The sample’s morphology and thickness were investigated using a scanning electron microscope made by SERON Technology (AIS–2100) and Crystallinity of the TiO2 thin film was determined by X-Ray Diffraction (Bruker, DBADVANCE, Germany, X-Ray Tube Anode: Cu, Filter: Ni). The absorbance of the film was measured by Ultraviolet visible diffuse reflectance spectroscopy (Uv-vis-DRS: JASCO V-670, Japan) and The oxidation state of TiO2 was studied by X-Ray photoelectron spectroscopy (XPS: VG Microtech 8025-Twin anode X-Ray source-Germany).
2.2. Different Coating Techniques
Several coating techniques have been investigated in this study. The coating techniques included dip coating and pulling up the film at a constant speed (dip coating) , dip coating and evaporation of the solvent containing the photocatalyst (lowering) , and the technique of spraying the photocatalyst onto the surface (spraying) . To avoid varying the TiO2 concentration in all these experiments, a 5% suspension of TiO2 in methanol was prepared by ultrasonic mixing for 15 minutes using a homogenizer apparatus (Bandelin, Germany).
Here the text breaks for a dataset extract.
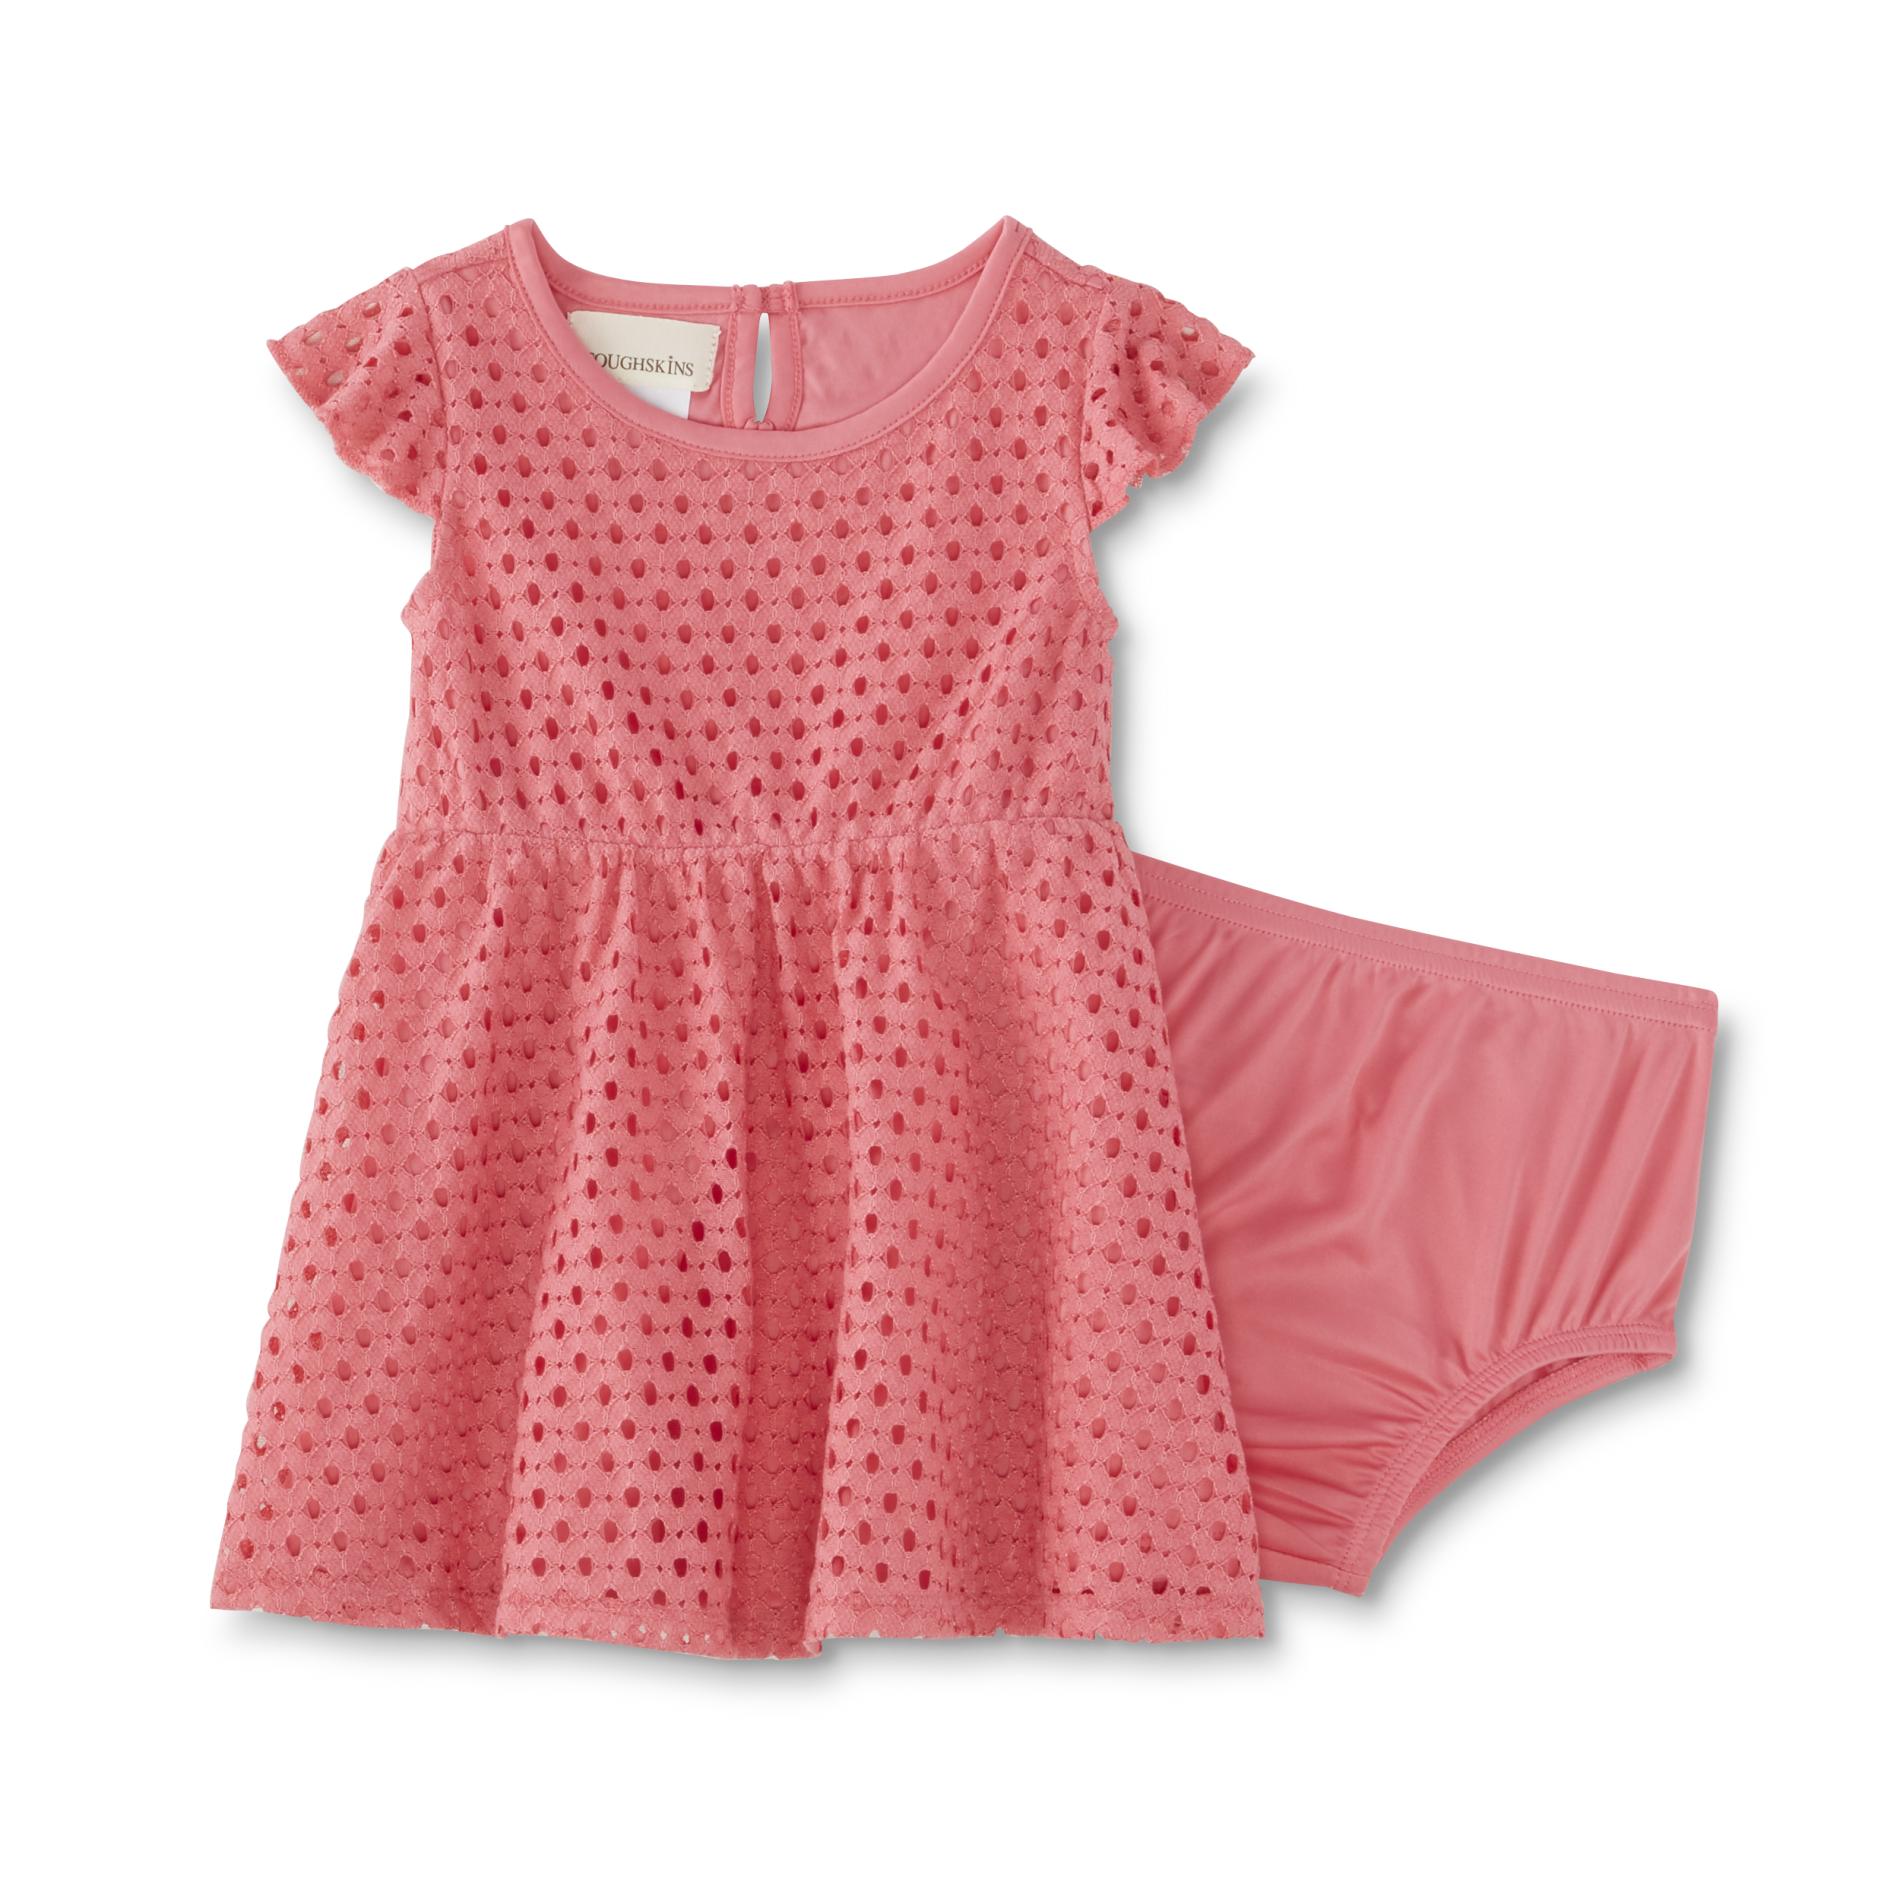 Toughskins Infant Girls' Lace Dress & Diaper Cover

All quartz substrates were used after washing twice with distilled water followed by washing with methanol. The substrates were then dried in an autoclave at 120°C overnight. A quartz film was chosen for these experiments because its transparency is conducive to UV illumination .
The UVA detector used in these experiments (Laybold, Germany) had a 1 cm diameter, and UVA light was transmitted through the samples at 4 different points on the coated surface. The setup schematic and the points on the surface to be examined in each sample are illustrated in Figure 2.
In the lowering technique , the film was placed in a watch glass horizontally and the catalyst solution was added to the point where it covered the surface. After submerging the film, the solution was heated to 80°C until it evaporated to dryness. The underlying substrate was then cleaned and weighed, and the uniformity test was performed by transmitting UVA light through the samples. The coating of the samples was performed only once because light was not transmitted through the samples on more than one occasion.
An electromechanical device was designed and built for the dip coating technique  (Figure 3) that had the ability of moving the sample at a completely constant rate. The sample in this experiment was pulled out of the photocatalyst solution at a speed of 10 mm/min, followed by removal of the photocatalyst coating on one side of the film. This section of the experiment was repeated and the samples were dried in an autoclave for 15 minutes at a temperature of 100°C. Subsequently, the samples were cooled in desiccators containing silica gel and each one was weighed prior to being examined with the UVA light. The coating technique was repeated until the UVA light transmittance through the coating reached zero at a minimum of one point. In other words, the coating was repeated so that the penetration of the UVA beam was ensured at the four points of the surface underlying the film showing that the catalyst layer thickness was at its optimal level.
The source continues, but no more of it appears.